Eastern Europeans are increasingly exercising their natural right to keep and bear arms. In late February NRA-ILA noted the Ukrainian government’s plans to arm ordinary citizens as part of the national defense against the Russian invasion. This week came news of soaring guns sales in the nearby Baltic state of Lithuania.
According to a report from Euronews, “Gun buyers have been flocking to Lithuania's stores since the start of the war in Ukraine, with sales increasing up to eight times and applications for gun licences doubling.” A Lithuania gun store noted that they had sold as many handguns in a week as they sold in the previous year.
Of particular interest appears to be firearms suitable for home and national defense. Gun store manager Gytis Misiukevicius told the news outlet, “Many more clients are coming. they buy semi-automatic rifles - unfortunately, I have no more to show them, I sold them out - and handguns.”
The concern in Lithuania is understandable. The country shares a border with Belarus, whose territory was used as a staging area for part of Russia’s Ukraine offensive. Moreover, the former Soviet republic has plenty of experience with Russian aggression – some involving firearm ownership.
On March 11, 1990 the Lithuanian parliament voted to restore the country’s independence from the USSR. In response, Soviet General Secretary Mikhail Gorbachev took several steps to subdue the breakaway republic. Among Gorbachev’s first efforts was targeting firearm ownership.
Gorbachev’s March 1990 firearms decree (translated by the Associated Press) stated,
3. The federal Government's Resolution No. 646 of July 23, 1975, on the acquisition, accounting and keeping of hunting rifles is to be temporarily suspended, and the sale of hunting weapons is to be banned for the same period in the republic.
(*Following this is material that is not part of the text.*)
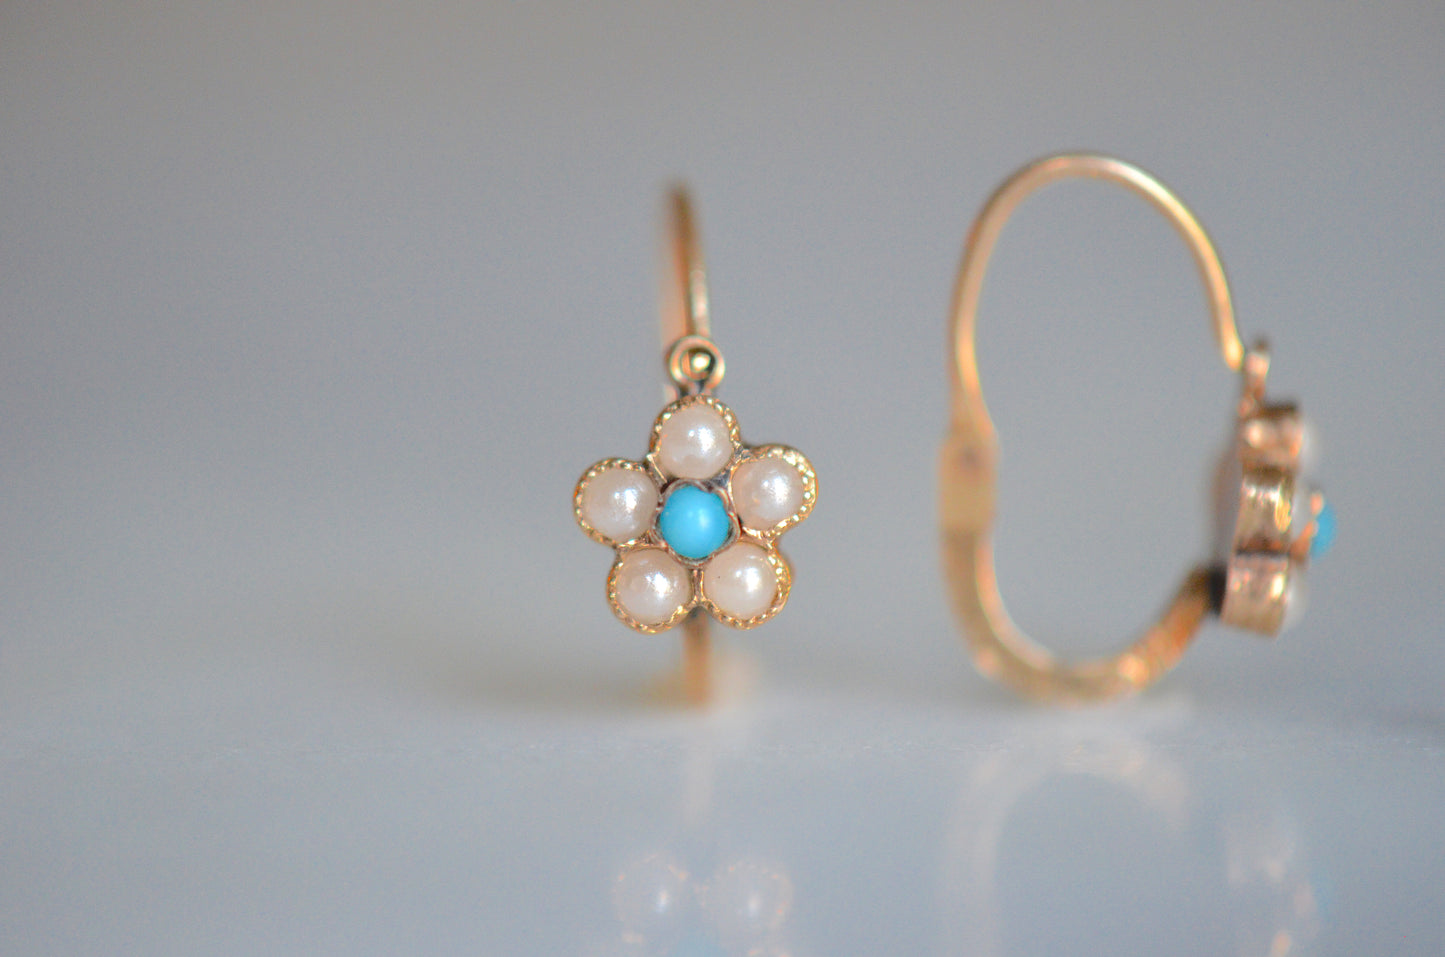 Dainty 1930s Floral Dormeuses Hoops

Citizens living in the Lithuanian S.S.R. are within the next seven days to hand in all their weapons to the law-enforcement bodies for temporary keeping. The U.S.S.R. Interior Ministry is to seize such weapons in cases of refusal to turn them in. The Defense Ministry is to receive from law-enforcement organs the weapons seized from citizens and insure their safekeeping.
The move purported to halt firearm sales in the breakaway republic and provided for the confiscation of private firearms.
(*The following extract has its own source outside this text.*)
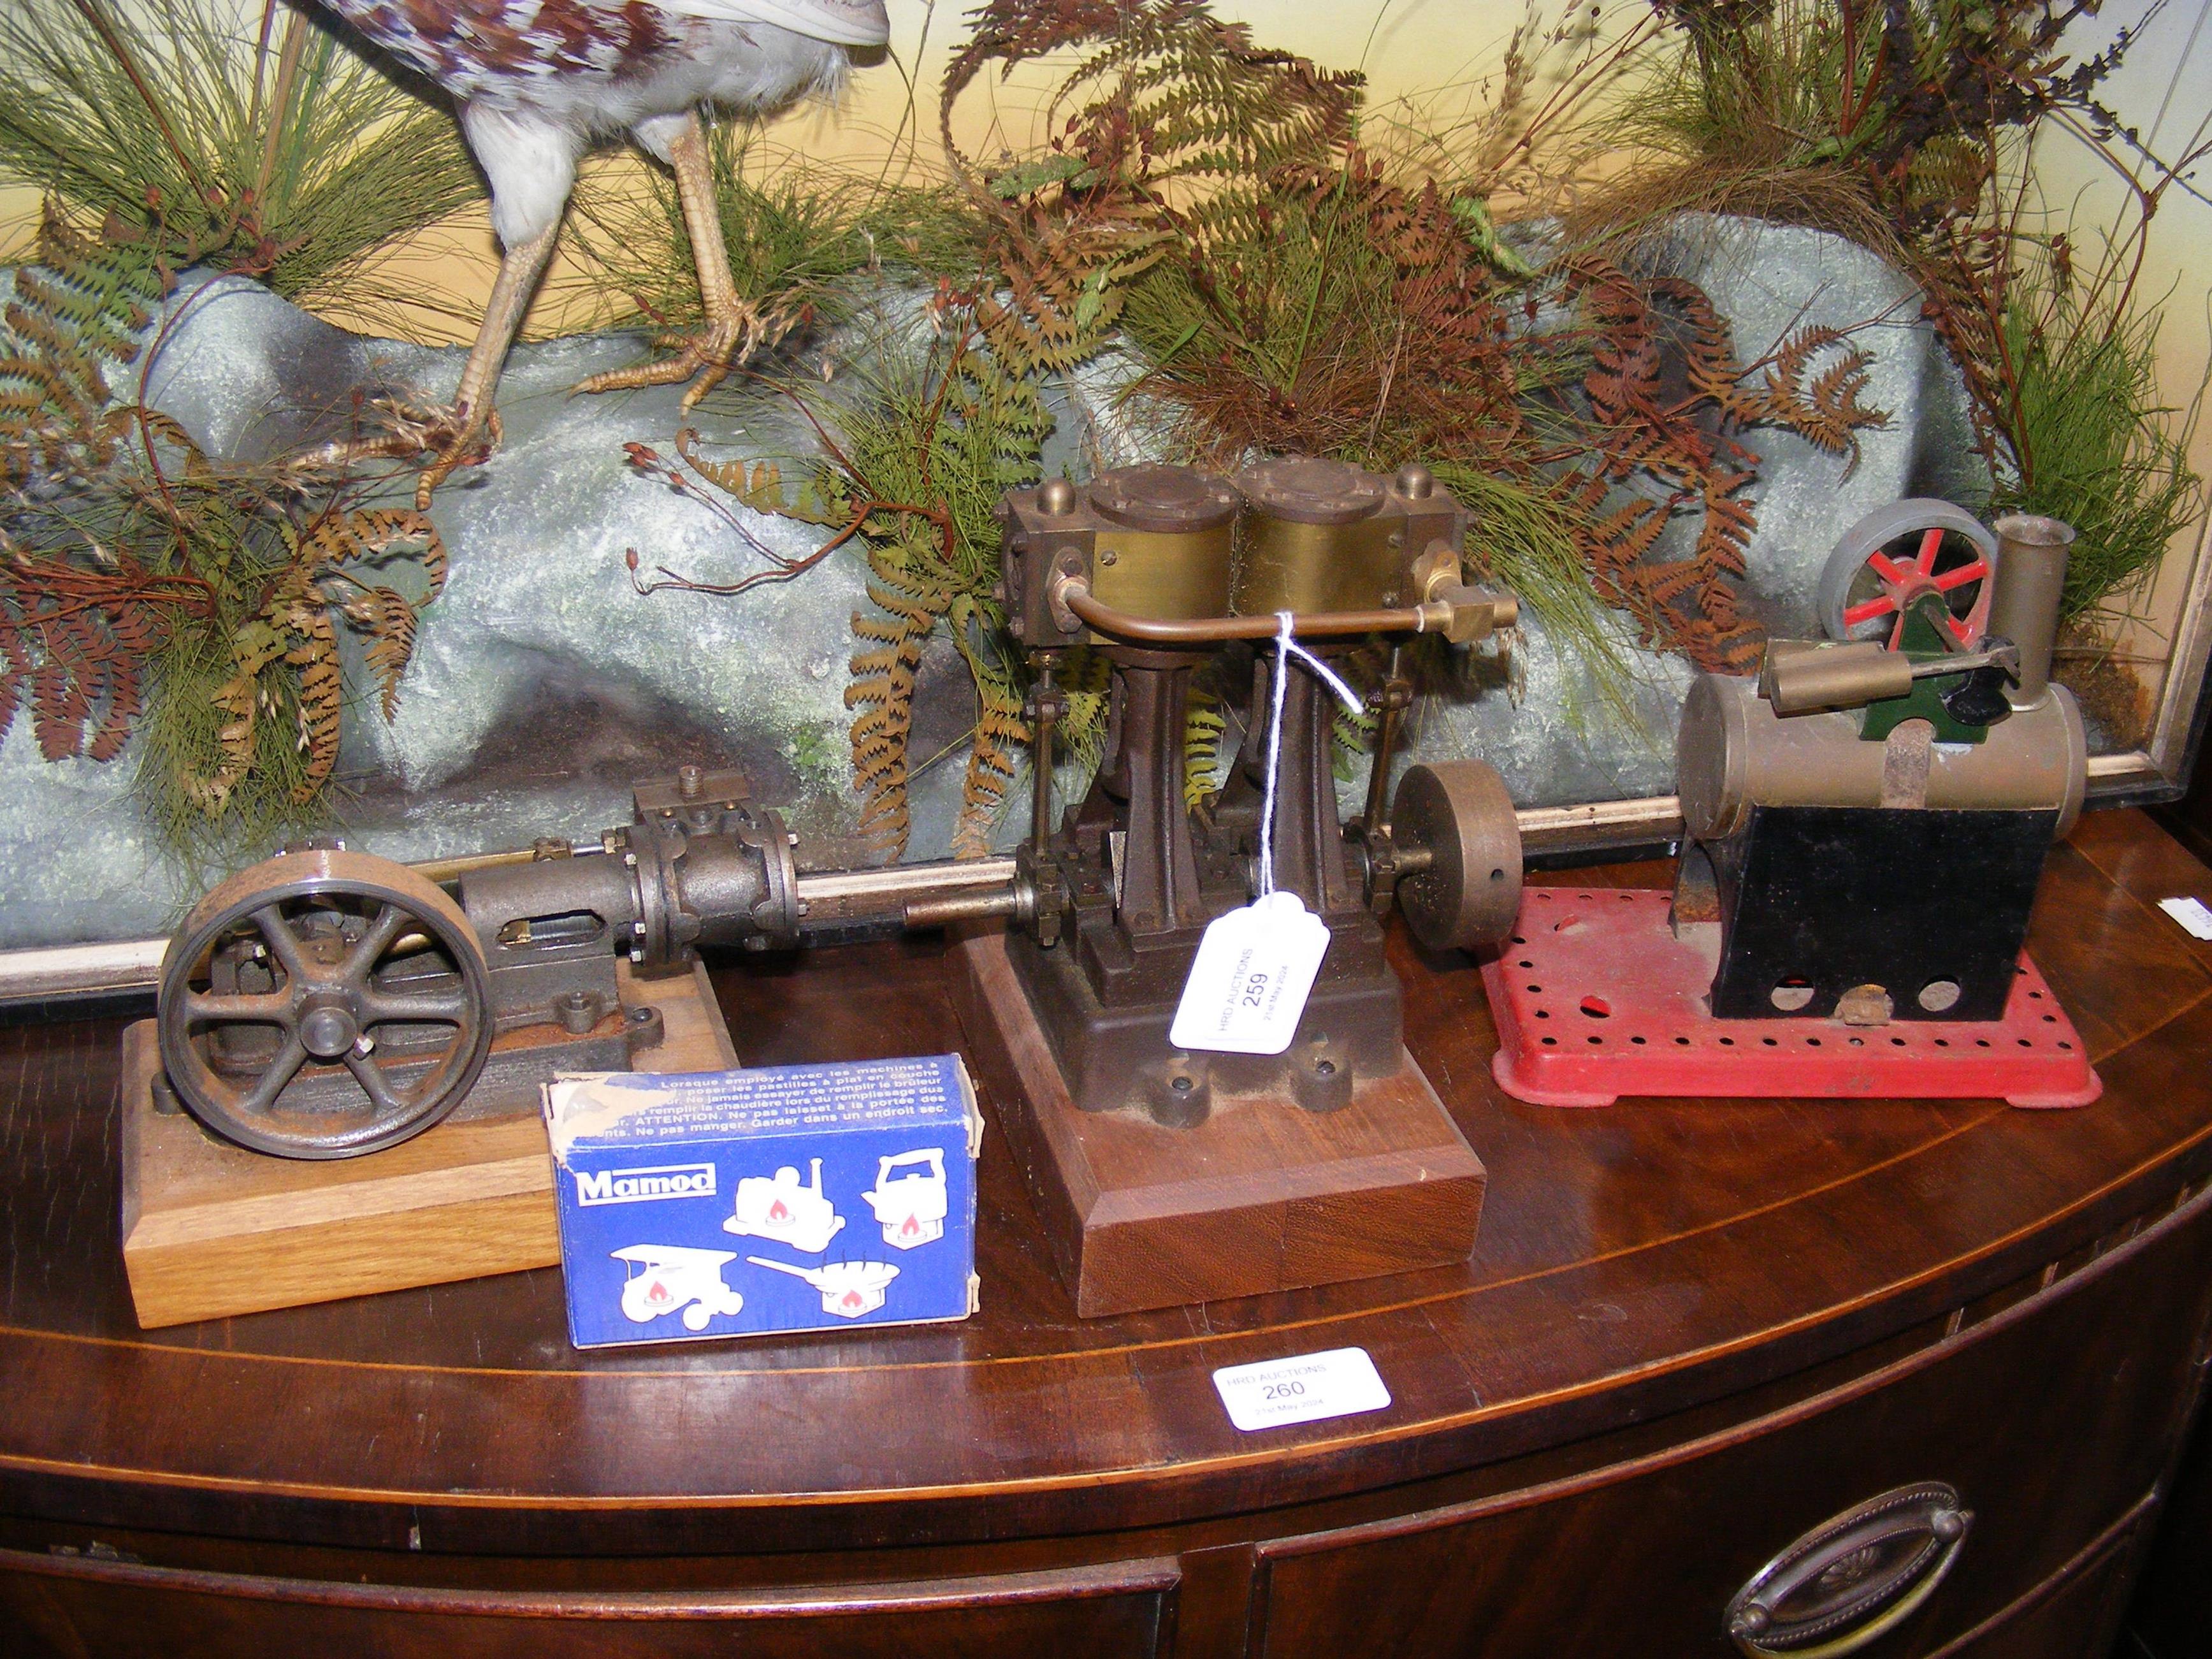 A Mamod style stationery steam engine together wit

Lithuanian President Vytautas Landsbergis held firm against the gun control effort, responding, “This order, like any other adopted by a foreign state that pretends to claim sovereignty over Lithuania, has no legal power.”
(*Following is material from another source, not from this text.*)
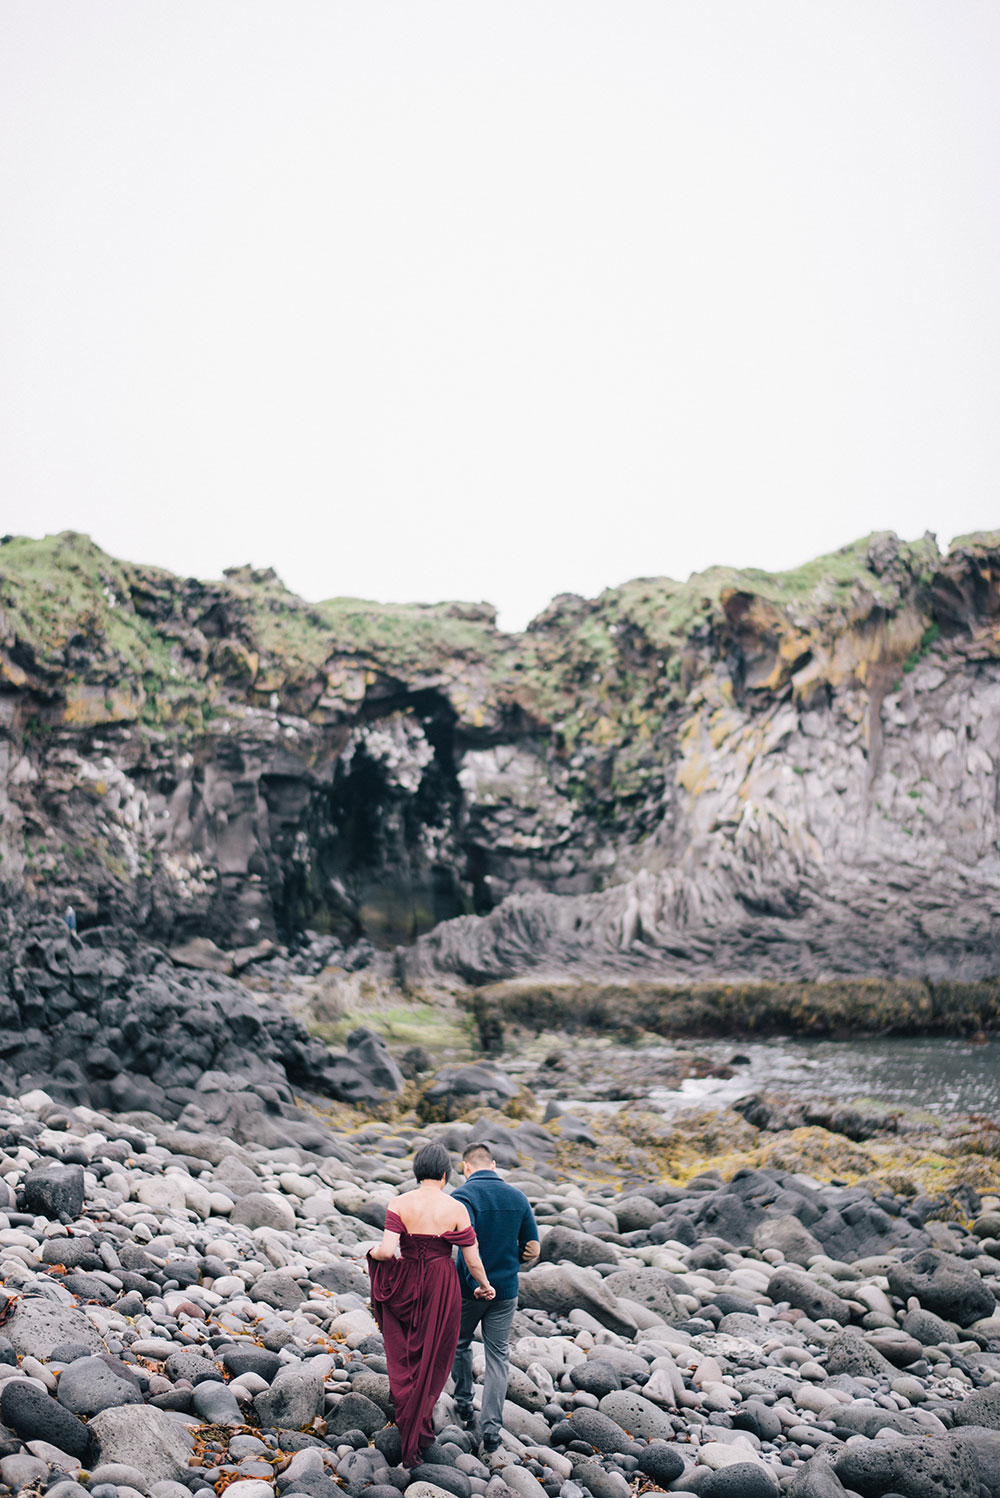 Bridal portraits in Iceland. Photo by Ben Yew Photography. www.theweddingnotebook.com

The lessons of a communist government’s attempts to disarm a people yearning for freedom were not lost on U.S. gun rights supporters. The move made clear that civilian disarmament is a necessary component of subjugating free people and one of the first tools authoritarians reach for when their power is challenged.
Explaining its relevance to U.S. gun owners, the Richmond Times-Dispatch Editorial board noted,
Mr. Gorbachev’s decree demonstrates exactly why many Americans consider gun control to be a dangerous thing. It requires only a small step for a state to compel the surrender of weapons when it has a complete list of those who own weapons.
NRA ran full-page newspaper ad highlighting the Gorbachev gun grab and the threats facing U.S. gun owners at home. NRA Executive Vice President J. Warren Cassidy cited Lithuania’s struggle in the May 1990 edition of America Rifleman, asking, “Has there ever been clearer testimony to the genius of our Founding Fathers in their determination to thwart the natural political instinct to render one’s opposition defenseless?”
As Eastern Europe comes to understand the importance of an armed citizenry in confronting aggression, Americans should come to further appreciate our right to keep and bear arms and the U.S. Constitution that protects it.